#### TASK
After removing every image, reproduce the data exactly as it appears.

======== INPUT MATERIAL ========

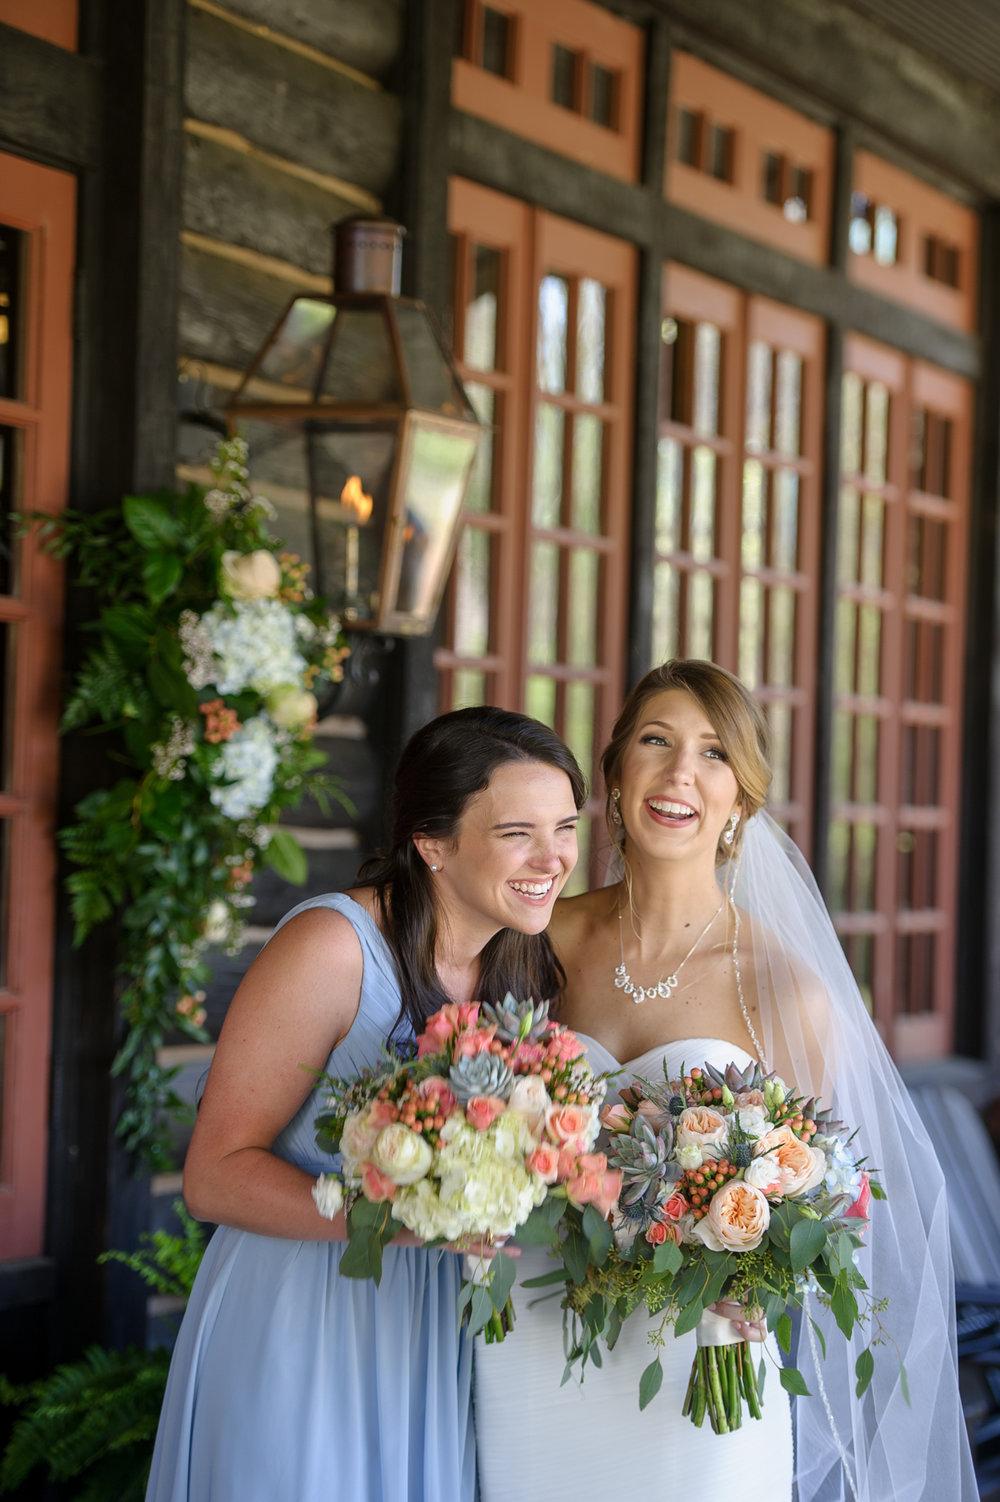 OUTDOOR WEDDING PARTY-2.JPG
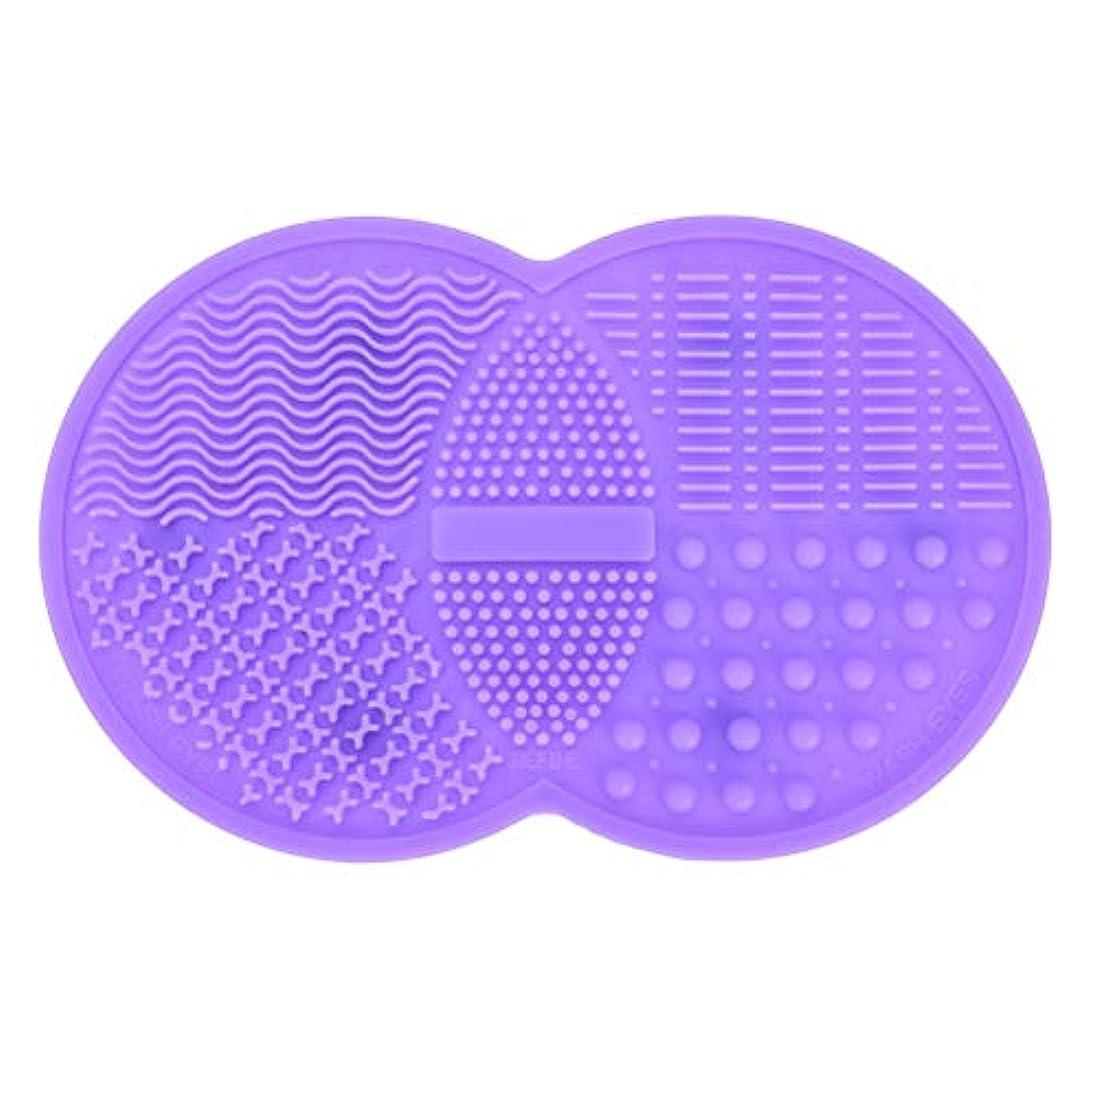 上がるまたねライオンPichidr-JP メイクブラシ クリーナー シリコンマット化粧 洗浄 化粧筆 筆洗い(パープル)
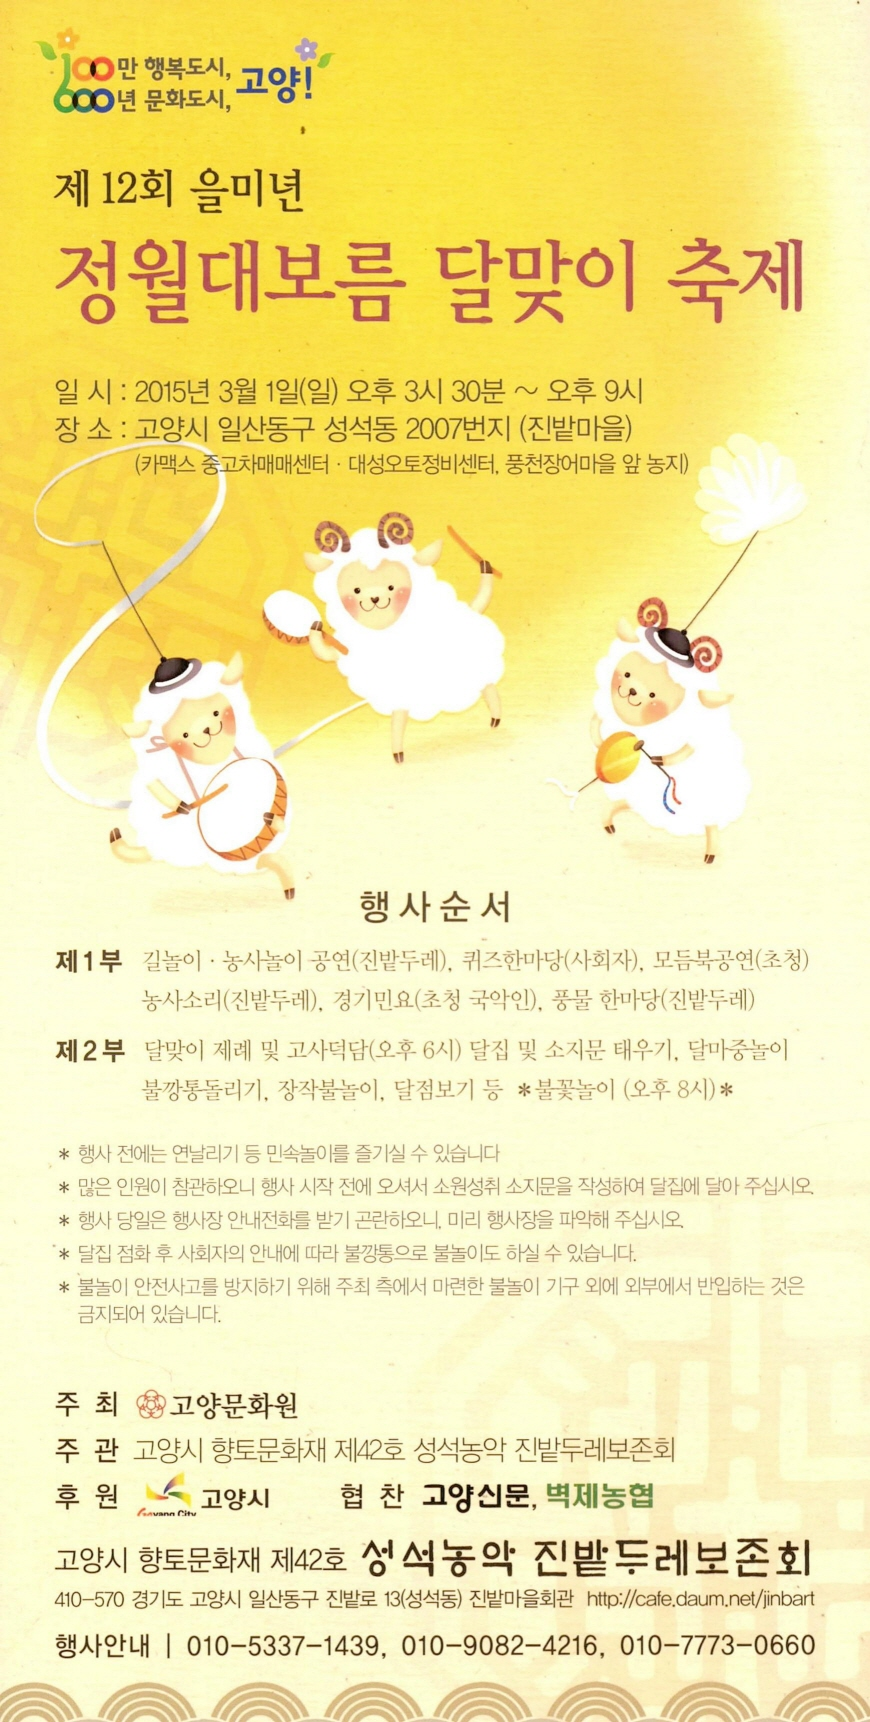 <팜플렛> 제12회 을미년 정월대보름 달맞이 축제
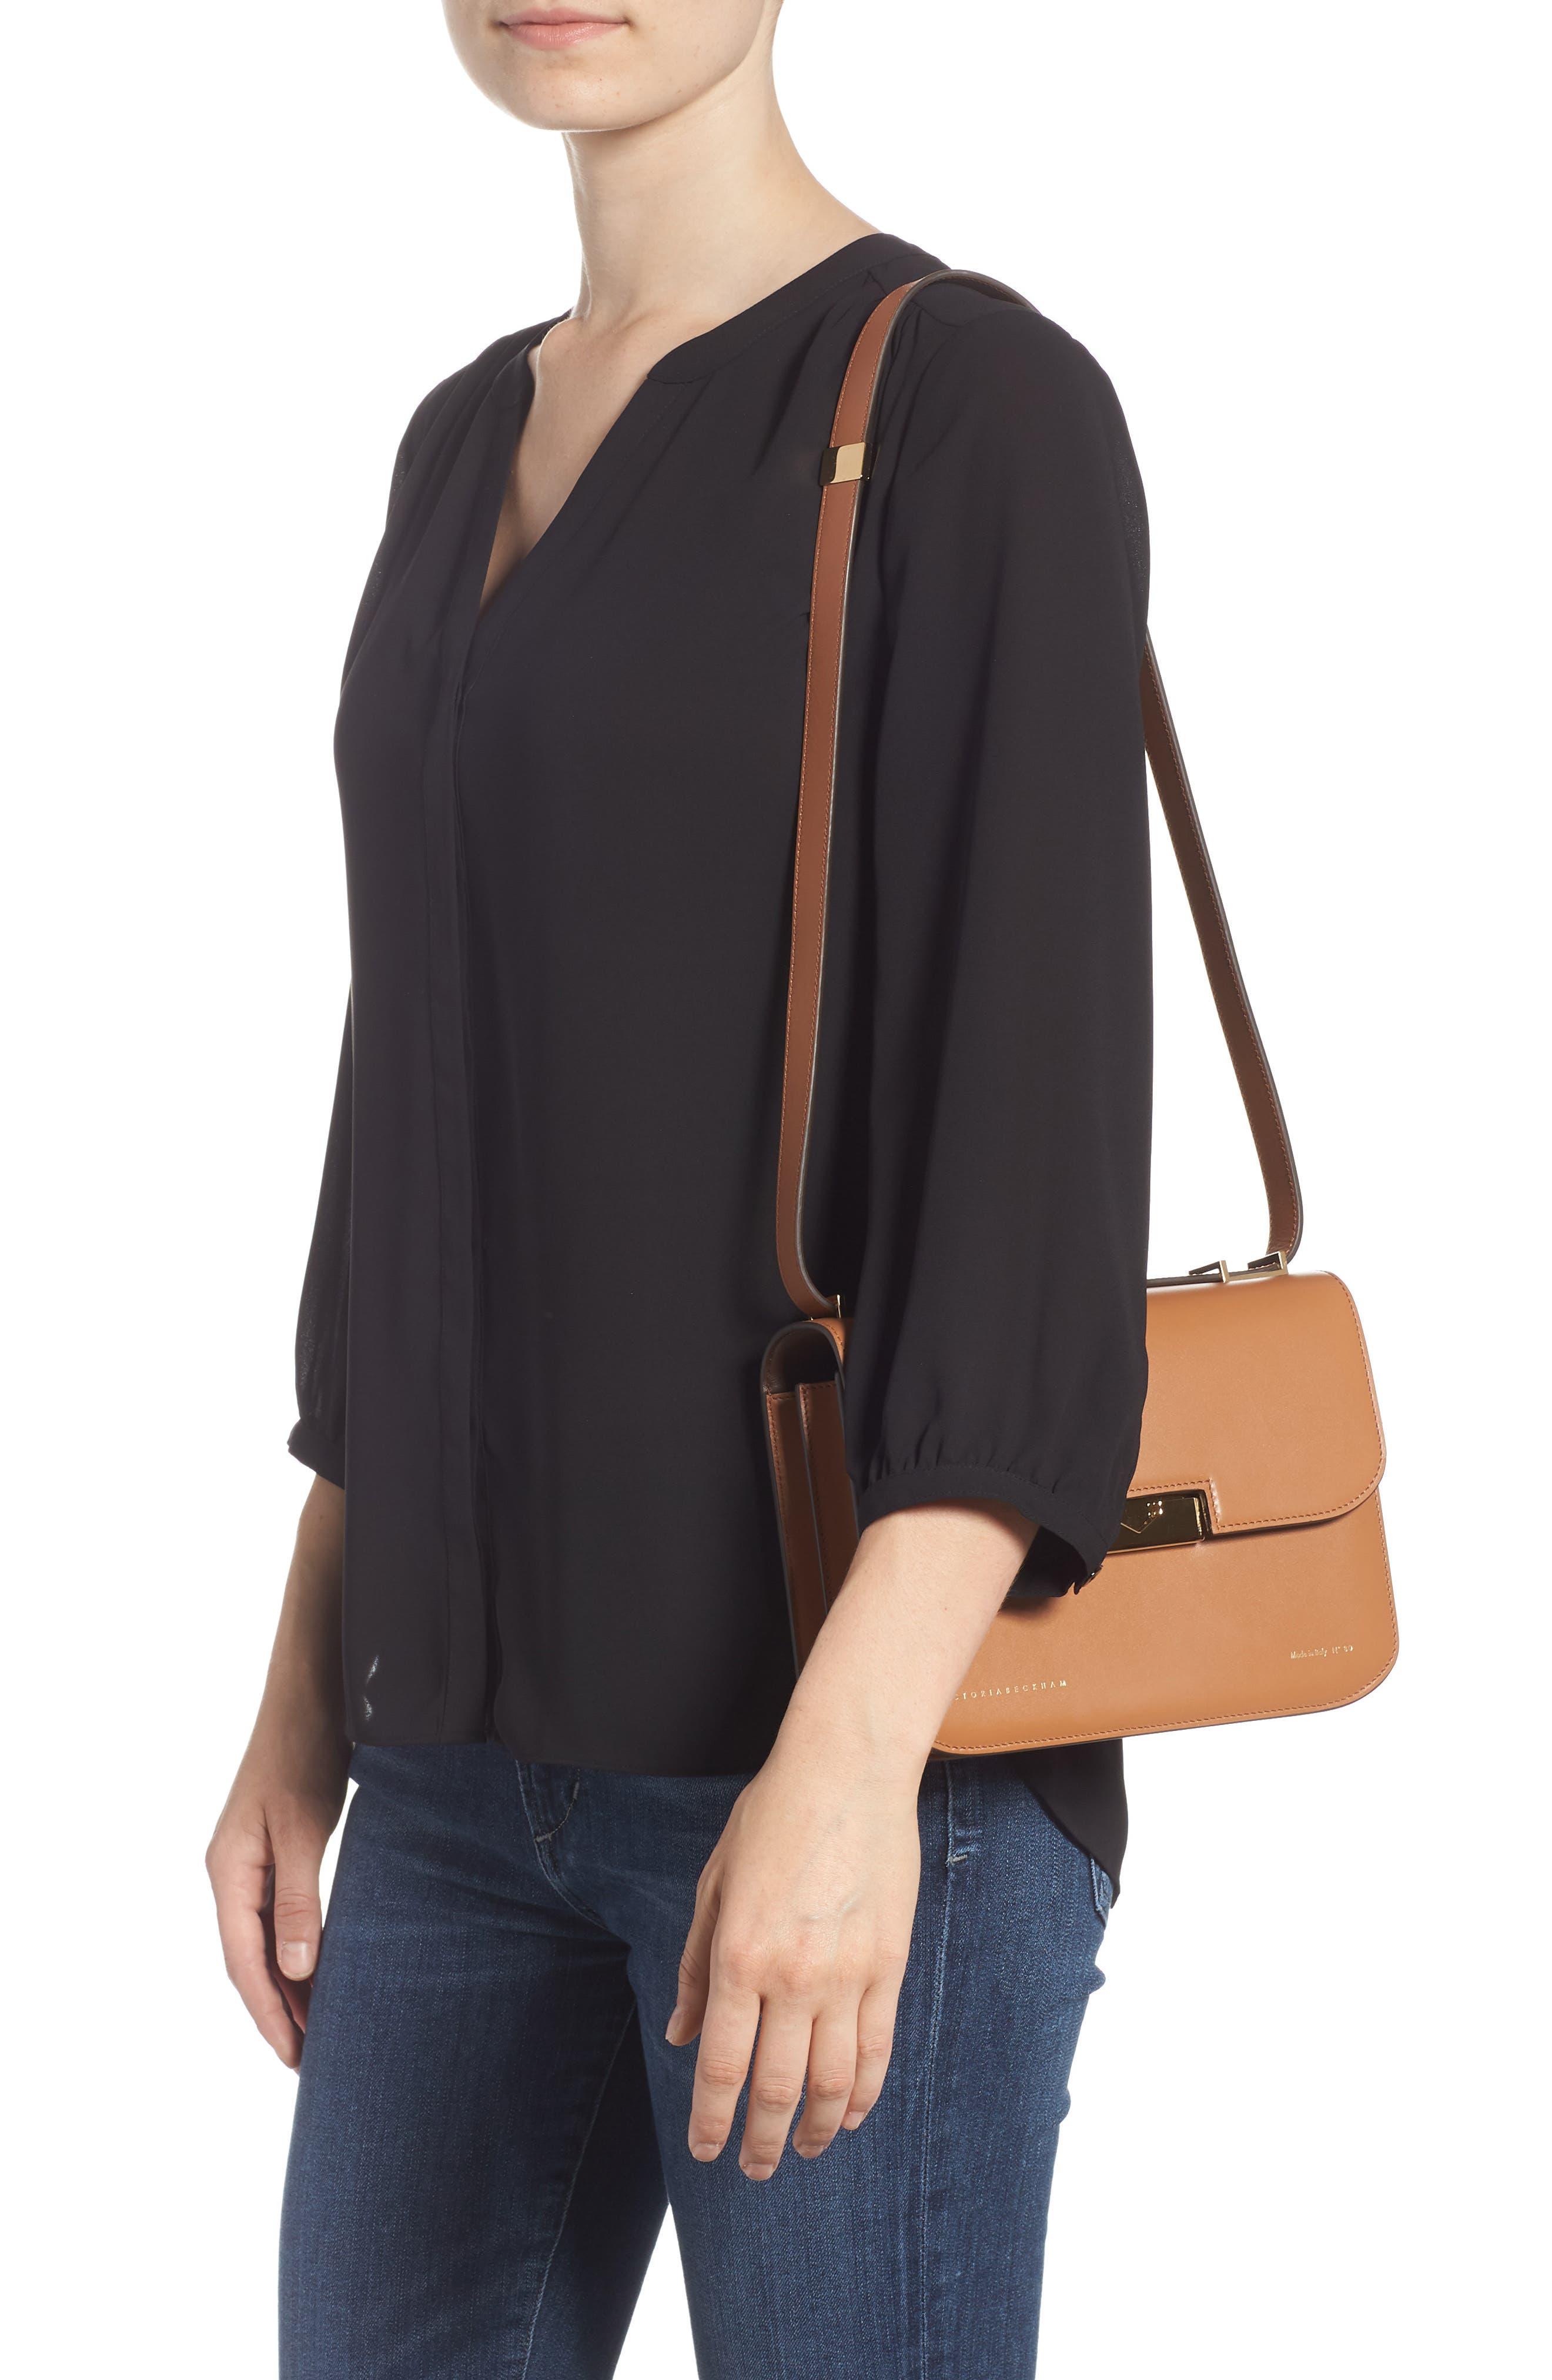 VICTORIA BECKHAM, Eva Calfskin Leather Shoulder Bag, Alternate thumbnail 2, color, CAMEL
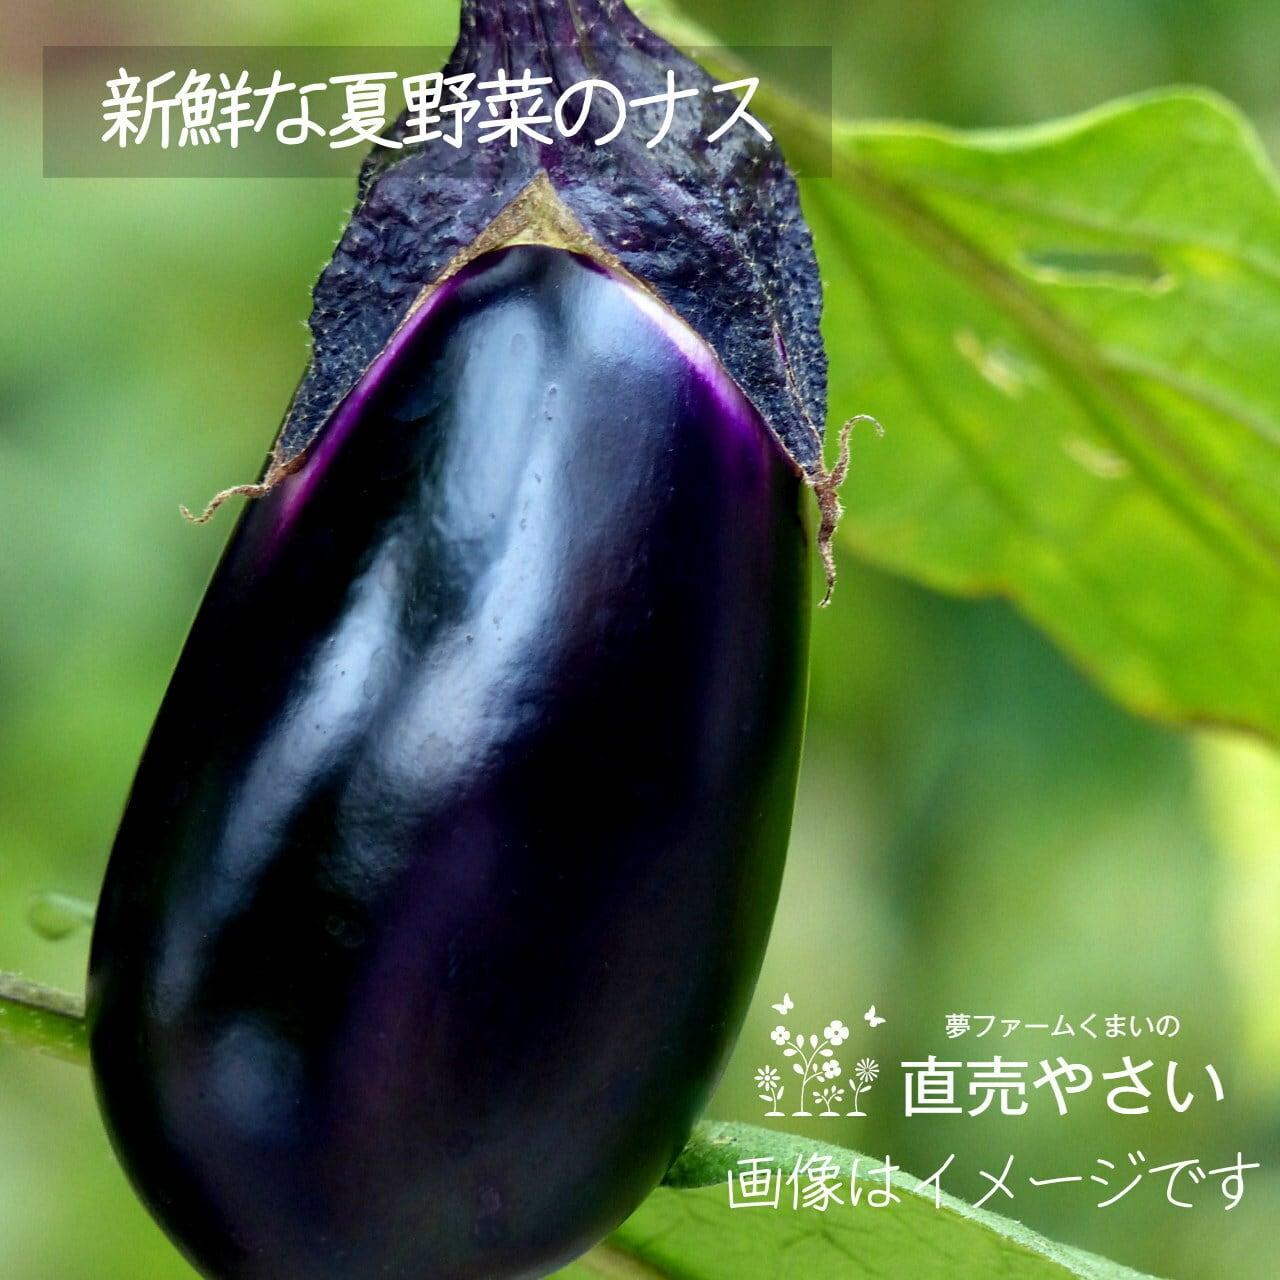 6月の新鮮野菜 : ナス 約350g 朝採り直売野菜 6月26日発送予定

========

#### ANSWER TO THE EXERCISE
 OUTDOOR WEDDING PARTY-2.JPG
 上がるまたねライオンPichidr-JP メイクブラシ クリーナー シリコンマット化粧 洗浄 化粧筆 筆洗い(パープル)
 <팜플렛> 제12회 을미년 정월대보름 달맞이 축제
 VICTORIA BECKHAM, Eva Calfskin Leather Shoulder Bag, Alternate thumbnail 2, color, CAMEL
 6月の新鮮野菜 : ナス 約350g 朝採り直売野菜 6月26日発送予定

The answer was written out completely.